Re: About that red sweater
Re: About that red sweater
- Subject: Re: About that red sweater
- From: Roger Breton <email@hidden>
- Date: Sun, 15 Jul 2007 19:06:57 -0400
Hi Eric,
We've discussed the technical merits of your approach many times in the past
and I wish I could have deep enough pockets to buy a large integrating
sphere and a PR-650 spectroradiometer to characterize the spectral RGB
sensitivities of my particular Nikon D100. I'm convinced this gives the user
the utmost rendering control over the image.
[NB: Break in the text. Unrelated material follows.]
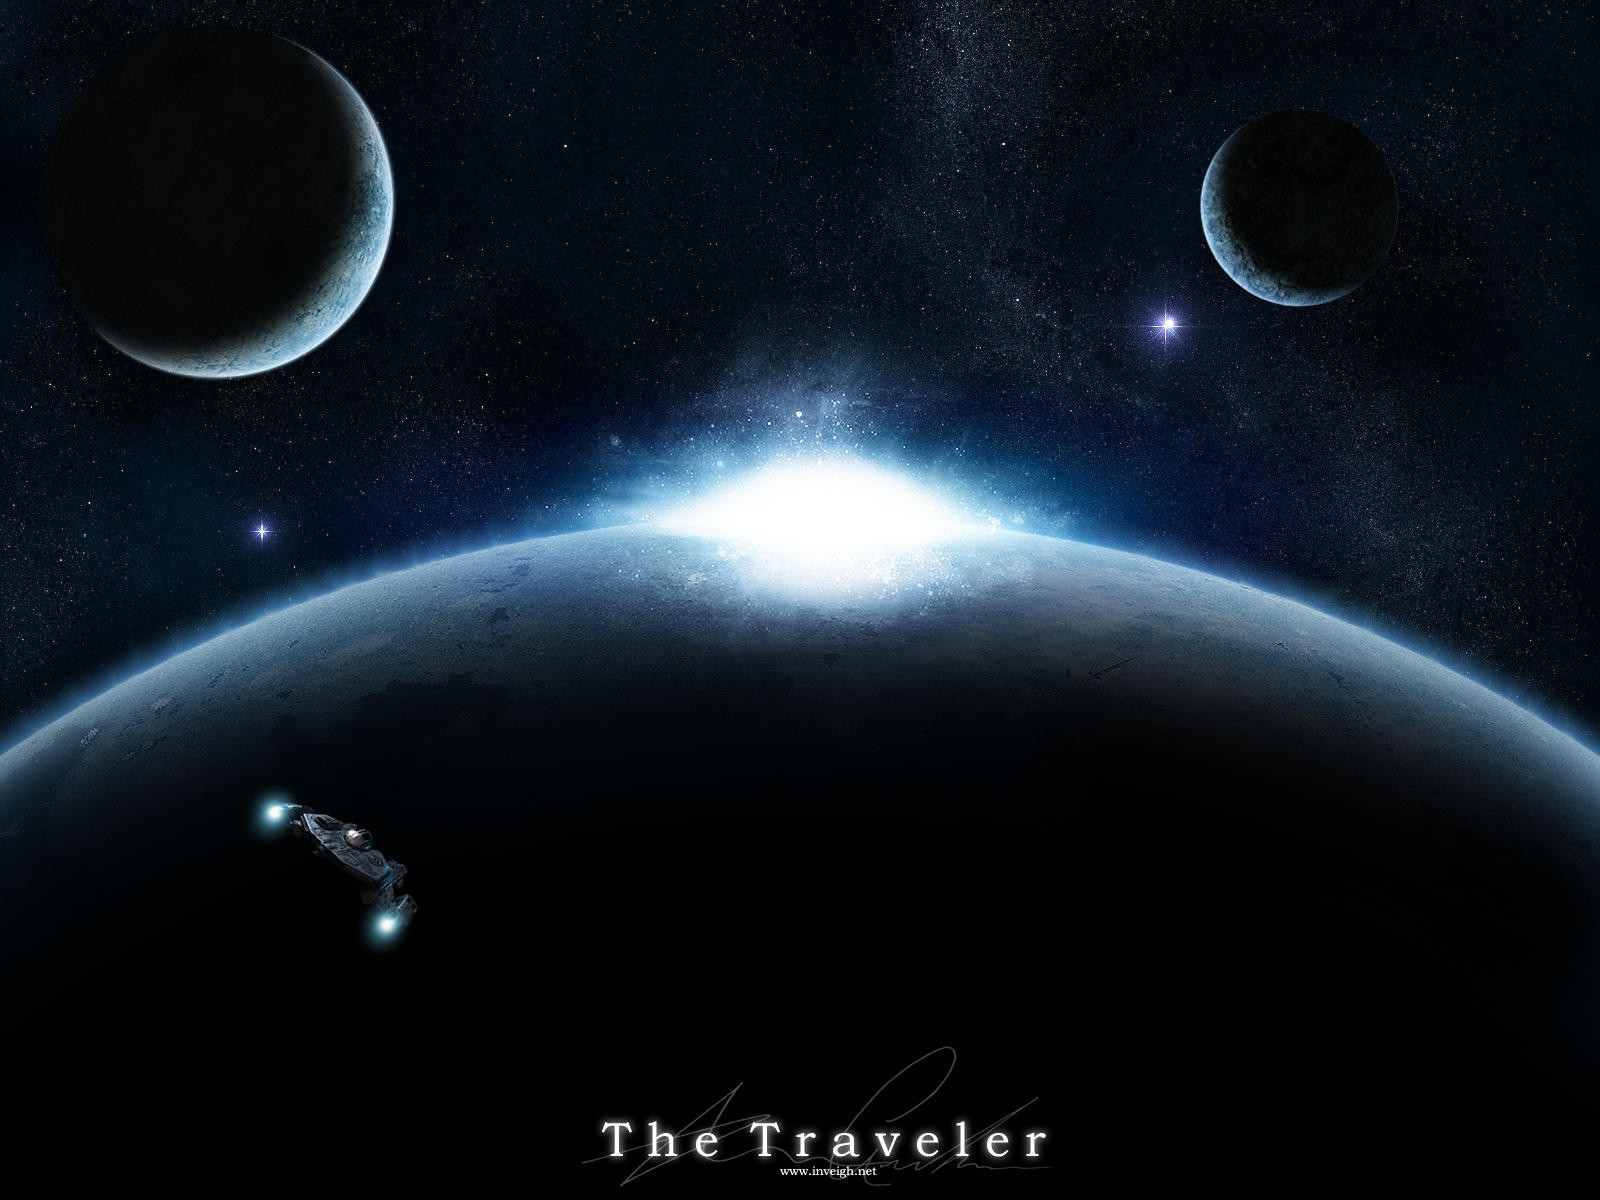 The Traveler by psamtik

By any chance, could there be some kind of "poor man" approach to what
you're doing?
Roger Breton
> My approach is in principle quite simple. But its optimized for my particular
> workflow with a custom plugin (my wife does plugins) so its hardly general
> purpose or a commercial solution. Starting with fundamental camera
> characterization data (spectral sensitivities, linearity, etc.) and combining
> with image
> meta data (white point, exposure information, etc.) and image statistics I
> calculate an image-specific profile optimized for each unique scene that
> estimates
> the scene appearance (not colorimetry). This happens on open and the profile
> is created dynamically, embedded, and assigned automatically so the user (me)
> never need be concerned with profiling matters. The first time I see the image
> in Photoshop its an appearance estimate of the original scene and I can
> control the rendering to output from there. In my experience, the better the
> appearance estimate, the less manual rendering required for output.